During that night on the dunes, and others like it since then, Becker would sneak up on the geckos—lizards in the suborder Gekkota, which includes the only lizards with true vocal cords—partially clothed so that the swish of his pants wouldn’t scare them away. He collected specimens from the Namib Sand Sea in western-central Namibia, where he heard one type of call, and from the nearby gravel plains found on the opposite side of the Kuiseb River, where he heard another.

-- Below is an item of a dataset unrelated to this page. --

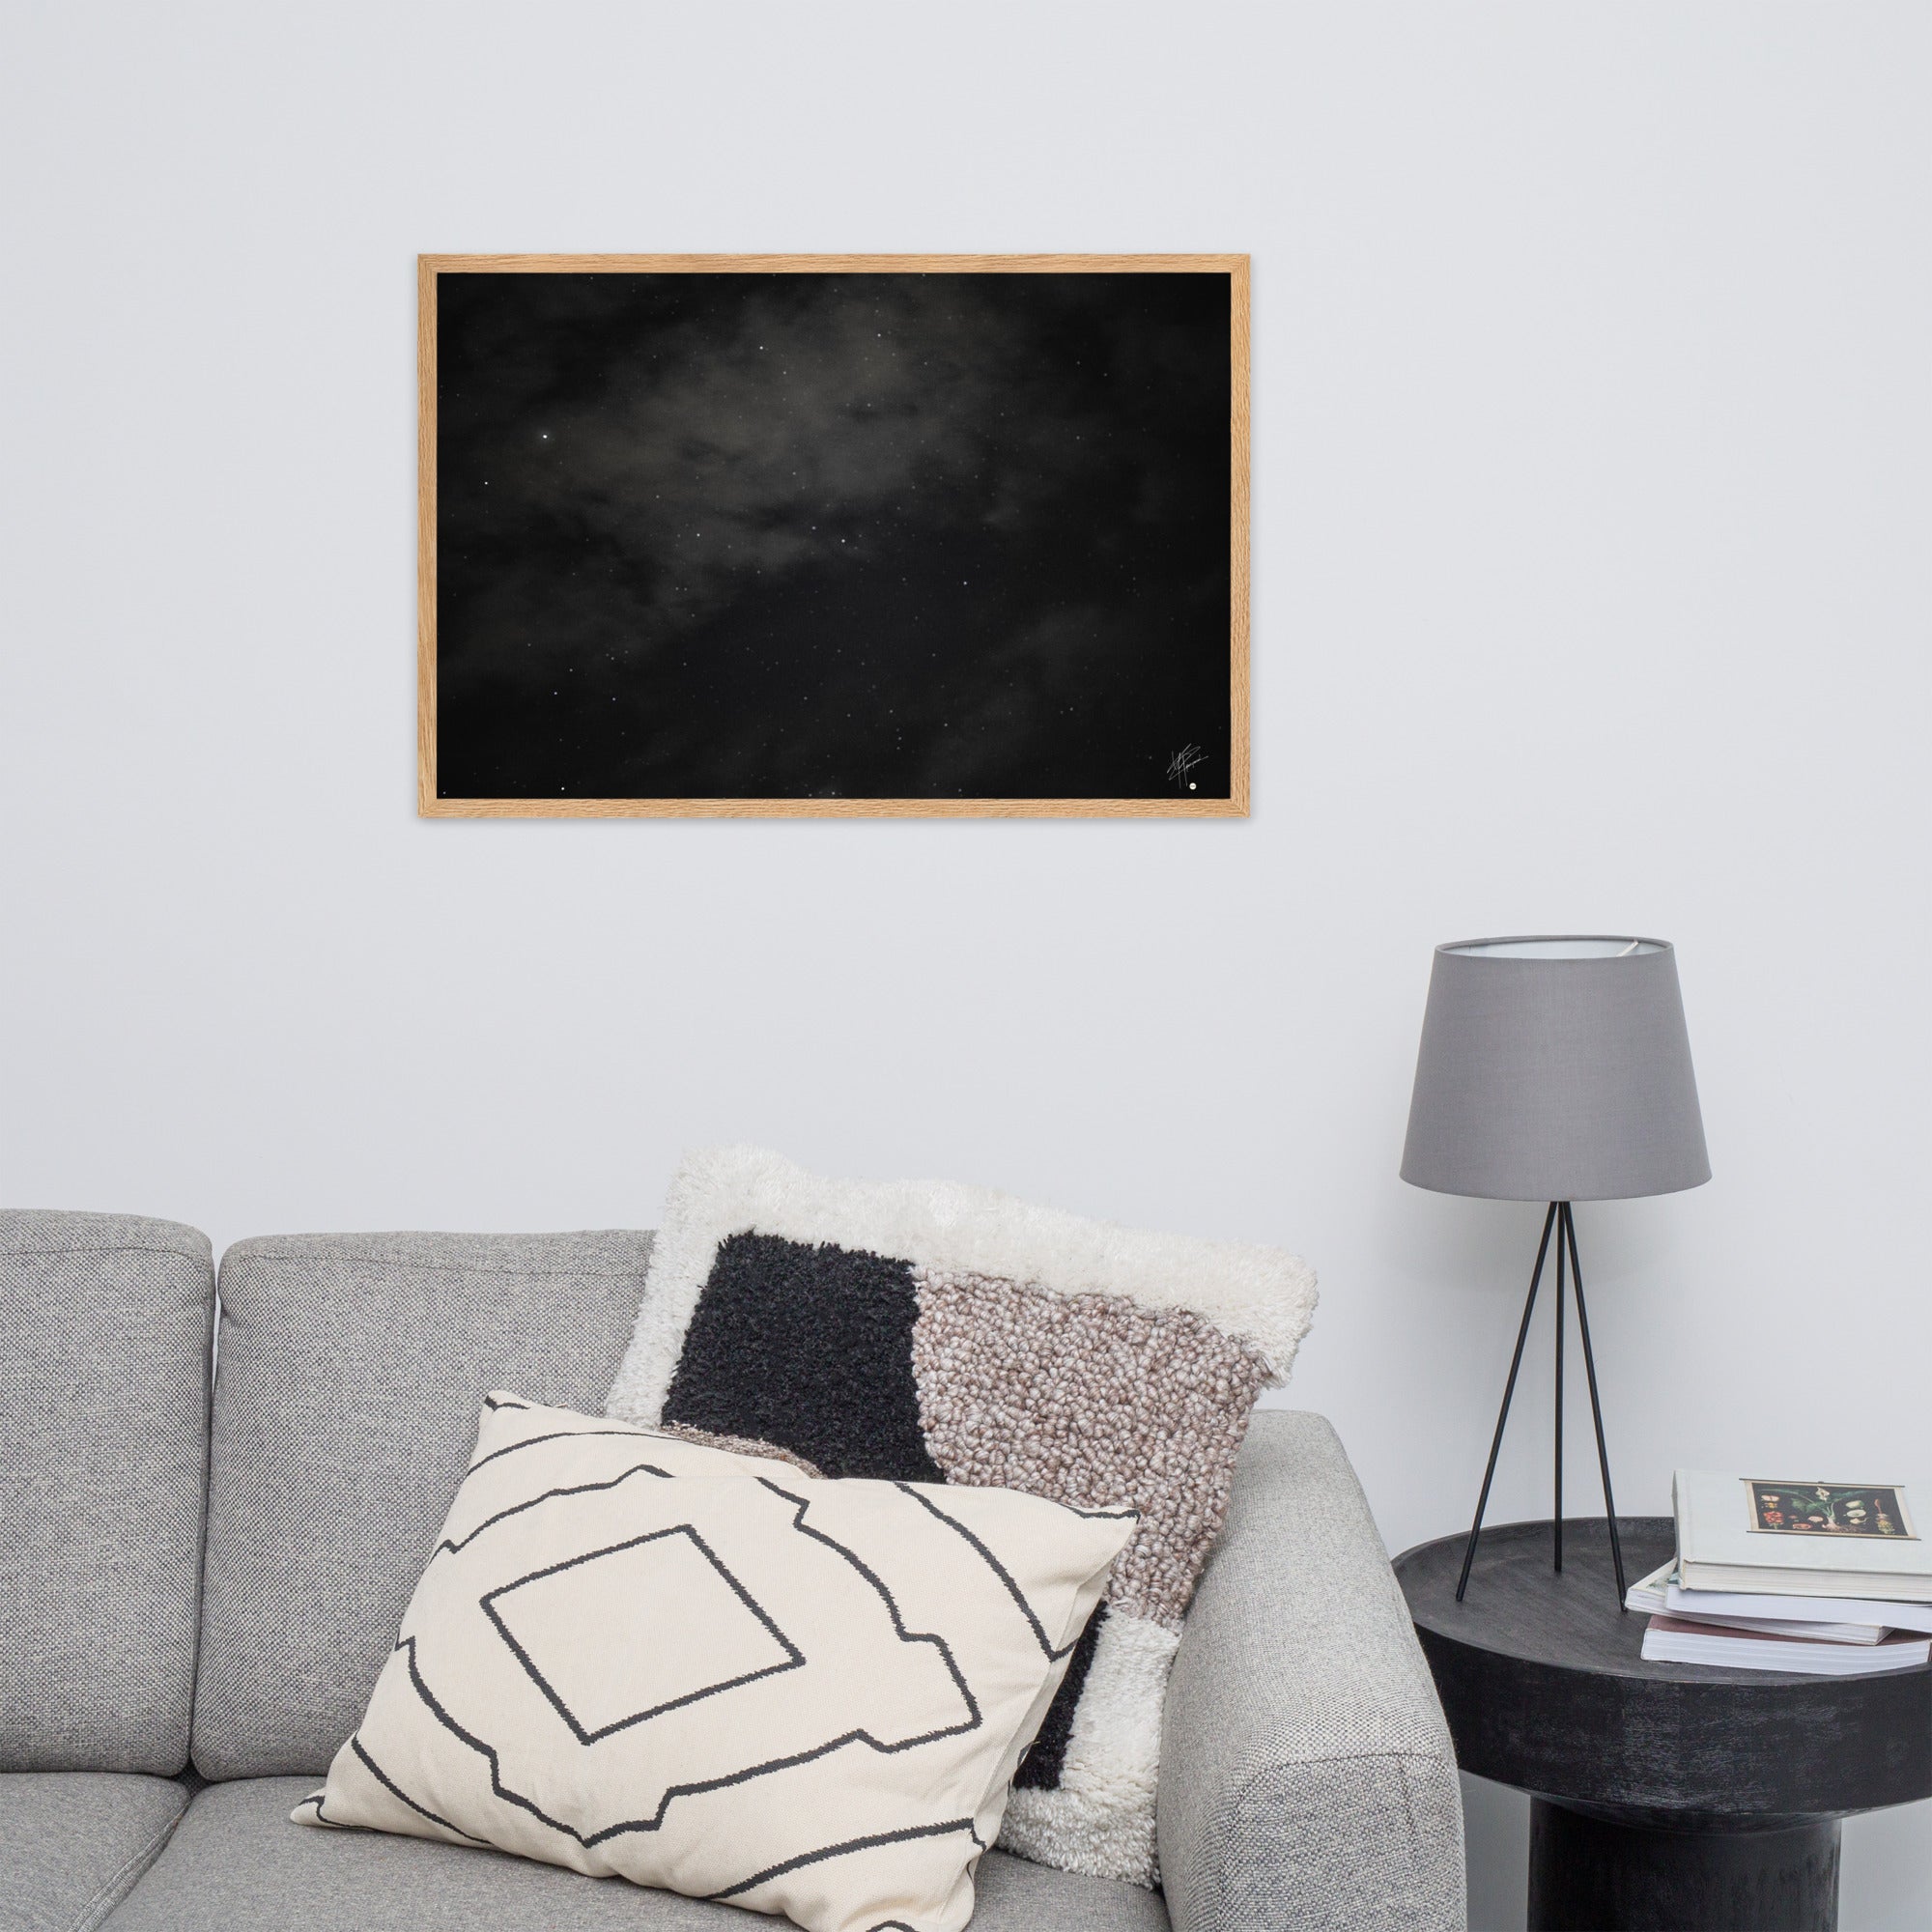 Photographie en noir et blanc du ciel étoilé avec un flou artistique, créé par la technique de pose longue, évoquant un tableau céleste en mouvement.

He sent DNA samples from the geckos out for genetic sequencing. When they didn’t match, he realized they were from distinct species (Ptenopus maculatus and Ptenopus circumsyrticus). He spent several years scooping up even more geckos from other areas of varied terrain in the Namib and Kalahari deserts, working under the hypothesis that separate species might prefer different soils for their burrows.
A male gecko (P maculatus) calls from the entrance of his burrow.
This month Becker––now the chief curator of natural science at the National Museum of Namibia––published a paper in Vertebrate Zoology that revealed that the three species of barking geckos known to inhabit southern Africa are actually nine species. “Some of these species that were previously put together as one species are actually separated by 25 million years of evolution,” Becker says.
But it’s little wonder that these lizards hid under the same species name for so long. Barking geckos leave their burrows so rarely that even farmers who have heard the creatures on their land for decades likely have never seen one. The geckos look so similar that the fleeting glimpses scientists usually get of them are insufficient to tell them apart. Some of them look almost identical, like vermillion-speckled twins.

That’s why zoologists have shifted away from identifying species based mainly on physical traits and toward using what is called integrative taxonomy, where several pieces of evidence are used to decide on classifying new species, says Aaron Bauer, a gecko expert at Villanova University, who was not involved in the research but was a reviewer for the paper and an examiner on Becker’s Ph.D. committee. “This paper is an excellent example of this, with morphology, color, calls and DNA sequence data all being used to support the authors’ decisions,” Bauer says.
Now that the geckos are properly classified, scientists can more accurately assess their distribution patterns, habitat preferences and physical traits. “Anything we do in biology requires that we understand what species we are talking about,” Bauer says. “We would come to the wrong conclusions if we lumped two or more species under one name.”
Becker and other scientists are keen to ensure barking geckos continue to thrive. “They’re weird and very cute, just an adorable and quite interesting little group,” he says. “I think they deserve a bit of extra attention.”